Kepala BBPOM Makassar, Yosef Dwi Irwan Prakasa Setiawan, mengatakan kegiatan ini merupakan bentuk dukungan BBPOM terhadap upaya pemerintah dalam memastikan pemenuhan gizi anak yang aman dan berkualitas.
“Salah satu wujud dukungan kami adalah memberikan sosialisasi bagi peserta kegiatan pengembangan kapasitas usaha mikro dalam mendukung perluasan keterlibatan UMKM pada program MBG di Sulawesi Selatan,” ujarnya di Makassar, Minggu.
Sebanyak 30 UMKM penyuplai dan calon penyuplai dapur SPPG mendapat pembekalan mengenai keamanan pangan dan pentingnya menjaga mutu bahan baku. Yosef menegaskan, program MBG tidak hanya bertujuan meningkatkan pemenuhan gizi anak, tetapi juga mendorong pertumbuhan ekonomi kerakyatan.
“Program baik ini harus didukung dengan suplai bahan pangan yang aman dan bermutu. Karena itu, pelaku usaha harus memahami standar keamanan pangan,” katanya.
Ia menjelaskan bahwa keamanan pangan harus dijaga secara konsisten dari hulu hingga hilir—mulai dari pemilihan bahan baku, proses produksi, hingga penyajian kepada anak-anak penerima manfaat. Jika ada tahapan yang diabaikan, dapat menimbulkan risiko keracunan pangan.
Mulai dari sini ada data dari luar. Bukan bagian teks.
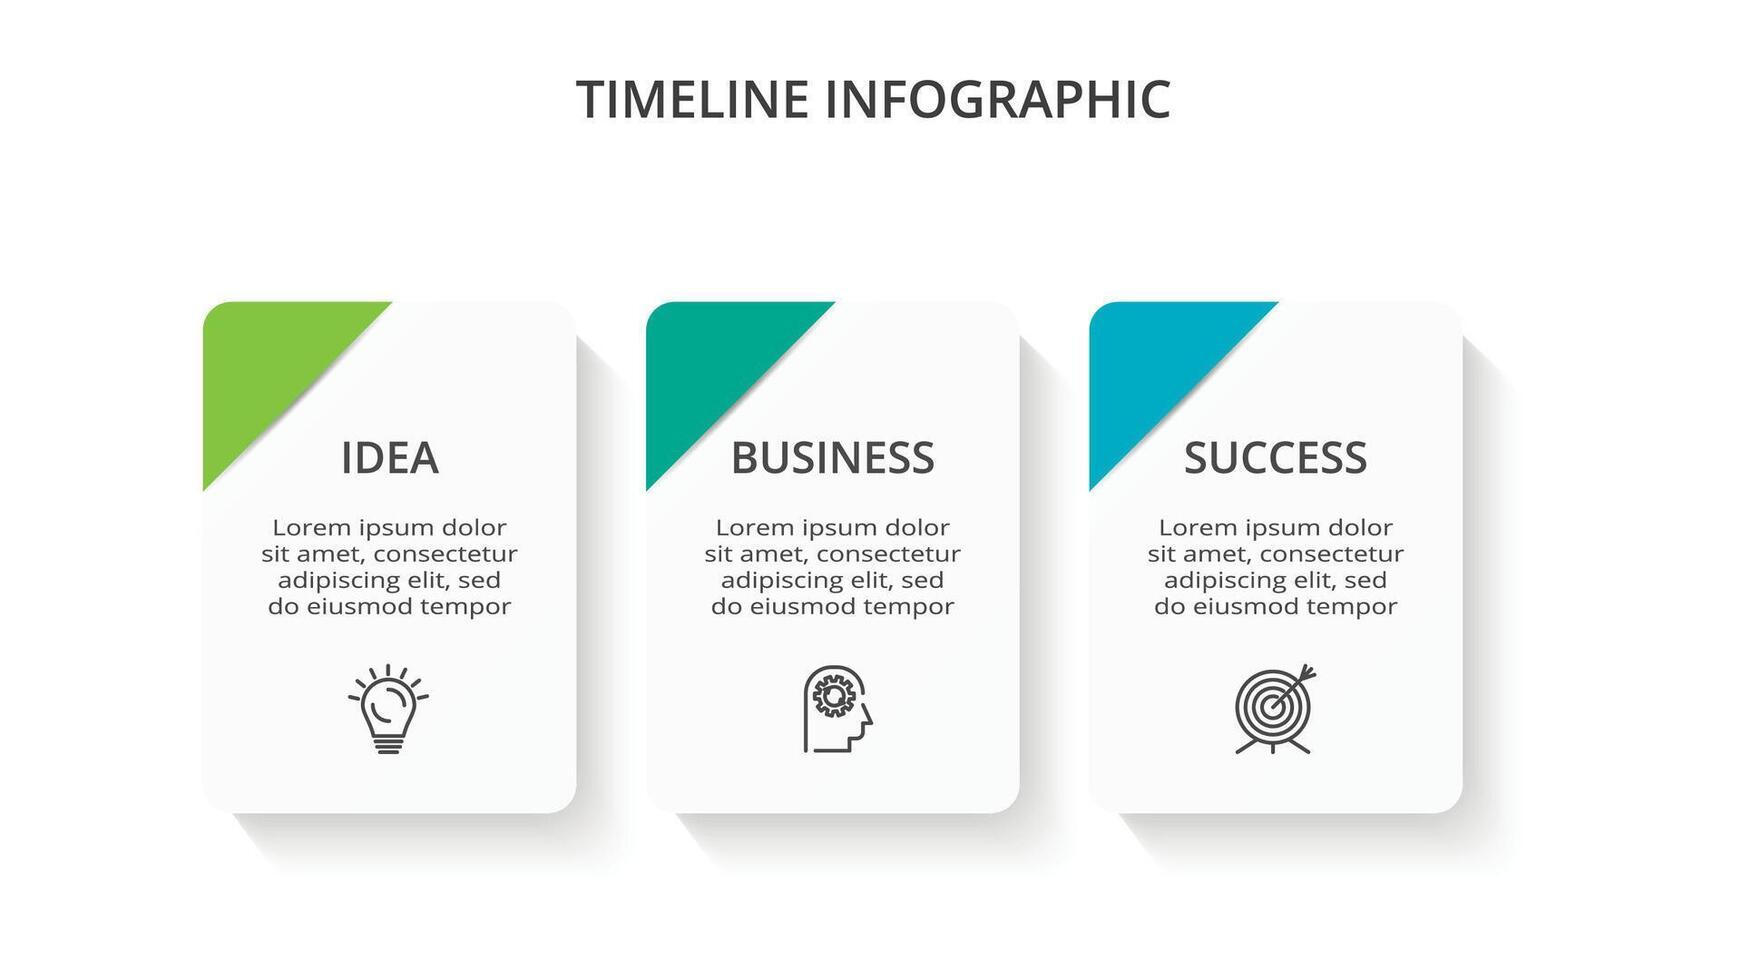 cronograma con 3 elementos, infografía modelo para web, negocio, presentaciones, vector ilustración

Yosef menambahkan, bahan pangan harus bebas dari tiga jenis cemaran, yaitu fisik, kimia, dan mikrobiologi. Cemaran fisik bisa berupa rambut, kerikil, atau serpihan serangga; cemaran kimia mencakup bahan berbahaya seperti formalin dan boraks; sementara cemaran mikrobiologi umumnya muncul akibat sanitasi buruk yang memunculkan mikroba seperti E. coli dan Salmonella.
“Pemahaman ini penting agar para penyuplai benar-benar dapat menjaga kualitas pangan yang disajikan untuk anak-anak Indonesia,” tegasnya. (ant/KS)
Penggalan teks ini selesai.